Why do you believe that Jewish day school education is important?

I believe that there are many reasons why Jewish day schools are important: because they teach history and cultivate Jewish identity; because they incubate critical thinking and cultivate respect for and knowledge of law, both Jewish and American; because Judaism is the foundation of Western civilization, especially in the development of our moral and ethical awareness; because learning Hebrew develops all the benefits that accrue to knowing a foreign language.  Jewish education can connect children to their past and allow them to participate in conversations that have been going on for thousands of years.  In turn and really most importantly, it gives young people the opportunity to pass along to their children the objectives, duties, and moral principles that have provided a purposefulness to our lives and that can show them the ways to be an integral part of this assigned task in perpetuity.

The following story pungently illustrates the virtues of integrity, honesty, and generational trust that Jewish education can transmit:

A bird once set out to cross a windy sea with its three fledglings.  The sea was so wide and the wind so strong that the father bird was forced to carry his young, one by one, in his strong claws.  When he was halfway across with the first fledgling, the wind turned to a gale, and he said, “My child, look how I am struggling and risking my life in your behalf.  When you are grown up, will you do as much for me and provide for my old age?”  The fledgling replied, “Only bring me to safety, and when you are old, I shall do everything you ask of me.”  Whereat the father bird dropped his child in the sea and it drowned.  He said, “So shall it be done to such a liar as you.”  Then the father bird returned to shore, set forth with his second fledgling, and asked the same question.  Upon receiving the same answer, he drowned the second child with the cry, “You too are a liar!”  Finally, he set out with the third fledgling.  When he asked the same question, the third and last fledgling replied, “My dear father, it is true you are struggling mightily and risking your life in my behalf, and I shall be wrong not to repay you when you are old, but I cannot bind myself.  This, though, I can promise:  when I am grown up and have children of my own, I shall do as much for them as you have done for me.”  Whereupon the father bird said, “Well spoken, my child, and wisely.  Your life I will spare and I will carry you to shore in safety.”

What strengths do you bring to the RAVSAK board?

I have sat on the boards of nonprofits at the national and local level. I have worked in the educational field for the past 14 years, including being a board member of Interdisciplinary Early Childhood Education (IECE) in Kentucky and founding the University of Louisville’s annual college fair. My experience has involved all the major aspects of board work, such as strategic planning, fundraising, and evaluating grant proposals. Additionally, having started and run my own business gave me the savvy to understand how organizations can be sustainable and well run.

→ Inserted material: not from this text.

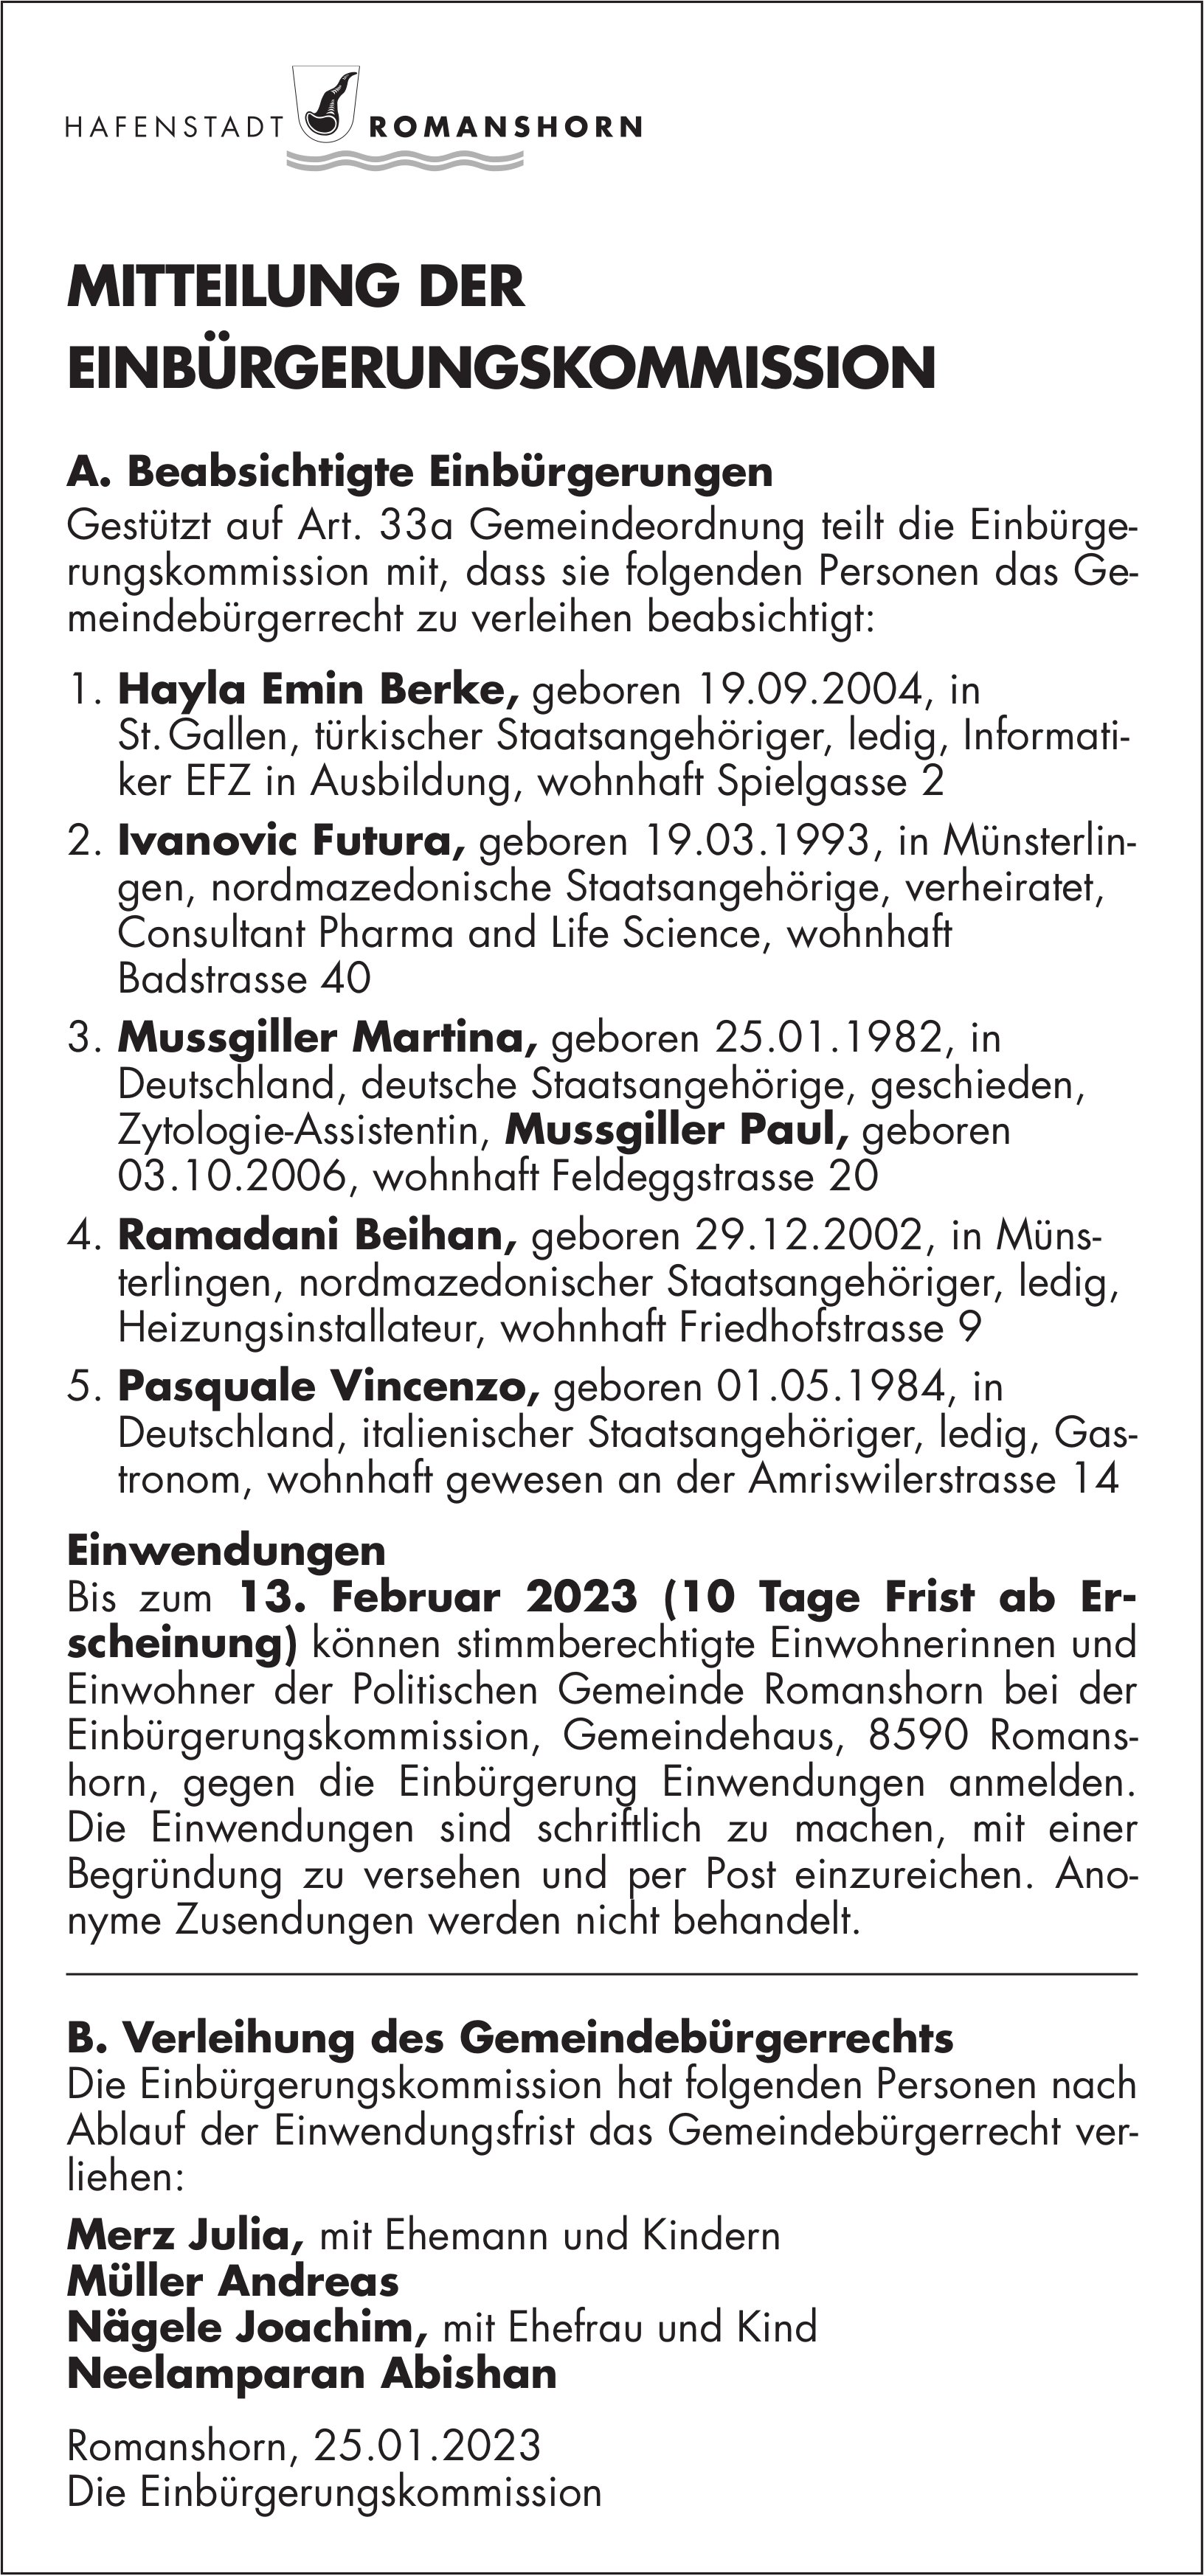 Romanshorn - Mitteilung der Einbürgerungskommission vom 25. Januar 2023

My main strength lies in taking complex situations and simplifying them by asking focused questions. The answers that the Board comes up with give direction to the Board’s work.

Do you have a favorite Jewish teaching?

One of my favorite poems, Emma Lazarus’s famous “The New Colossus,” engraved on the pedestal beneath the Statue of Liberty, summarizes the mission of Jewish education in America:

Not like the brazen giant of Greek fame / With conquering limbs astride from land to land; / Here at our sea-washed, sunset gates shall stand / A mighty woman with a torch, whose flame / Is the imprisoned lightning, and her name / Mother of Exiles. From her beacon-hand / Glows world-wide welcome; her mild eyes command / The air-bridged harbor that twin cities frame. / “Keep, ancient lands, your storied pomp!” cries she / With silent lips. ”Give me your tired, your poor, / Your huddled masses yearning to breathe free, / The wretched refuse of your teeming shore. / Send these, the homeless, tempest-tossed to me, / I lift my lamp beside the golden door!”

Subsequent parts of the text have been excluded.